What we talk about when we talk about Tamra Keepness
by Carle Steel
At the Tamra Keepness memorial barbecue on the 4th of July, members of the Regina Police Service and volunteers serve hot dogs to a long line of neighbourhood residents, community workers, relatives and well-wishers. Families spread out on blankets in the grass or perch on the blue metal picnic tables at the centre of the Core Community Park.
On the trees around the park, messages are printed by hand on neon card stock: “If someone is missing, call the police. You do not have to wait 24 or 48 hours.” “If something doesn’t feel right, trust your instincts and get out of there!” “Don’t accept rides from strangers,” this one adorned with a drawing of a man in a suit and a tie wearing a mask like The Scream at rest. “Never travel alone,” another says. “There is safety in numbers.”

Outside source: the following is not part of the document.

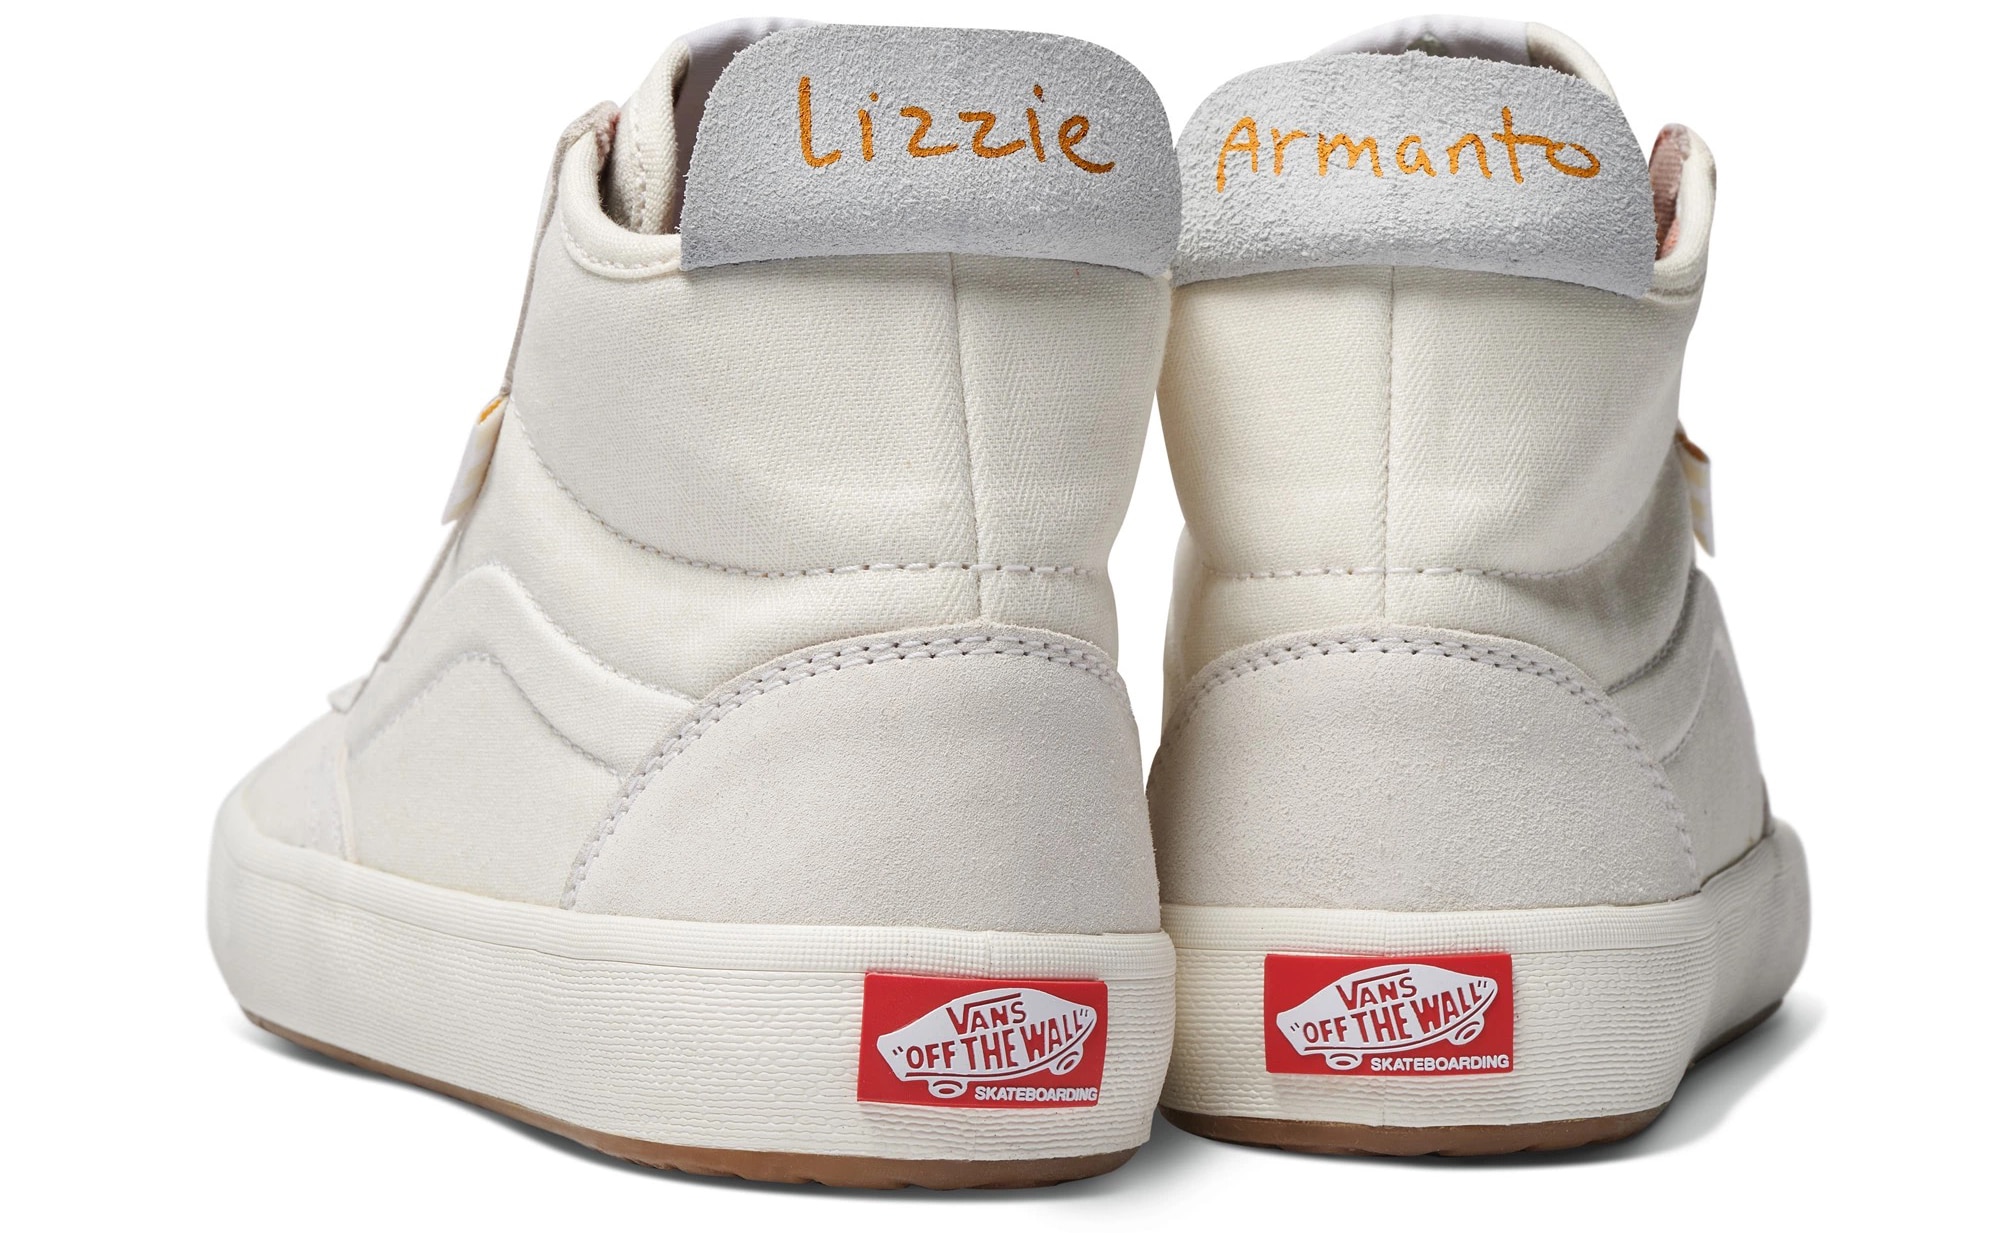 Lizzie Armanto Signature Skate Shoe

The media is there, as it always is on this anniversary, the same small clump of people with cameras and digital recorders asking the same questions: Are there any leads. Can you believe another year has passed. Do you think there is hope. Is she still alive. How does it feel. On and on.
Family members and the police oblige. The line for hot dogs drifts forward.
There are kids everywhere — little bob-haired girls trailing through the crowd, neatly dressed teenagers slouching against an electrical box laughing, looking away, their collective shyness palpable. They could all be Tamra Keepness. Tamra at five, Tamra at 15. She is Schrödinger’s child: in searching for her she becomes both dead and alive in our minds. She is five. She is 15. She is lost, she is somewhere.
In the 10 years since her disappearance, she has become Regina’s child, for better or worse. She is a symbol of all that can go wrong in a family and a community, the personification of innocence amid poverty and dysfunction, born from Regina’s special blend of racism and colonization.
She is also an emblem of the ability to get past all that, something that happened instantly during the initial search and has stayed during years that followed. Sure, there were racists, but they were quickly shut down, and they keep getting shut down every time they appear.
Mostly what her disappearance evokes is empathy, ranging from incantations of there-but-for-the-grace-of-God-go-I (or my kid, or my brother’s kid or my kid’s kid, or any other permutation of rotten luck and terrible life choices) to a paternalistic longing to put things right, a psychological version of the Sixties Scoop. Amid the casual and awful speculation there remains a simple desire to care for a vulnerable child.
And boy, did we care: for years, posters hung in every public place, confectionary, liquor store and gas station. It is always the same couple of photographs: one in a mini van, one against a cheerful classroom wall. In these photos, she looks straight at the camera. She is always smiling. The posters faded away just as giant advertising screens started popping up along major streets. Then for a time she became even more omnipresent, almost Orwellian: an electronic Little Sister, looking down at us as we drove, searching for her.
We still care, beyond the annual parade of hot dogs, media scrums, and grief. Now that the case has gone cold, finding Tamra has become a kind of private quest, a personal relationship with a small, elusive deity.
Maybe we — non-aboriginal people, anyway — think that finding her will save us from ourselves, redeem us from our participation in systems that are still grossly unfair to people like her, absolve us of our part in creating an environment where indigenous women and girls are so easily taken, 1,200 at last count across Canada, with no public inquiry in sight.
Maybe she is a symbol of all that has gotten gentler in Regina over the past 10 years, a coming together of the community, sparked, in part, by the collective soul searching her disappearance forced us to undertake.
Maybe it just is what it is: an adorable missing girl, who haunts us still.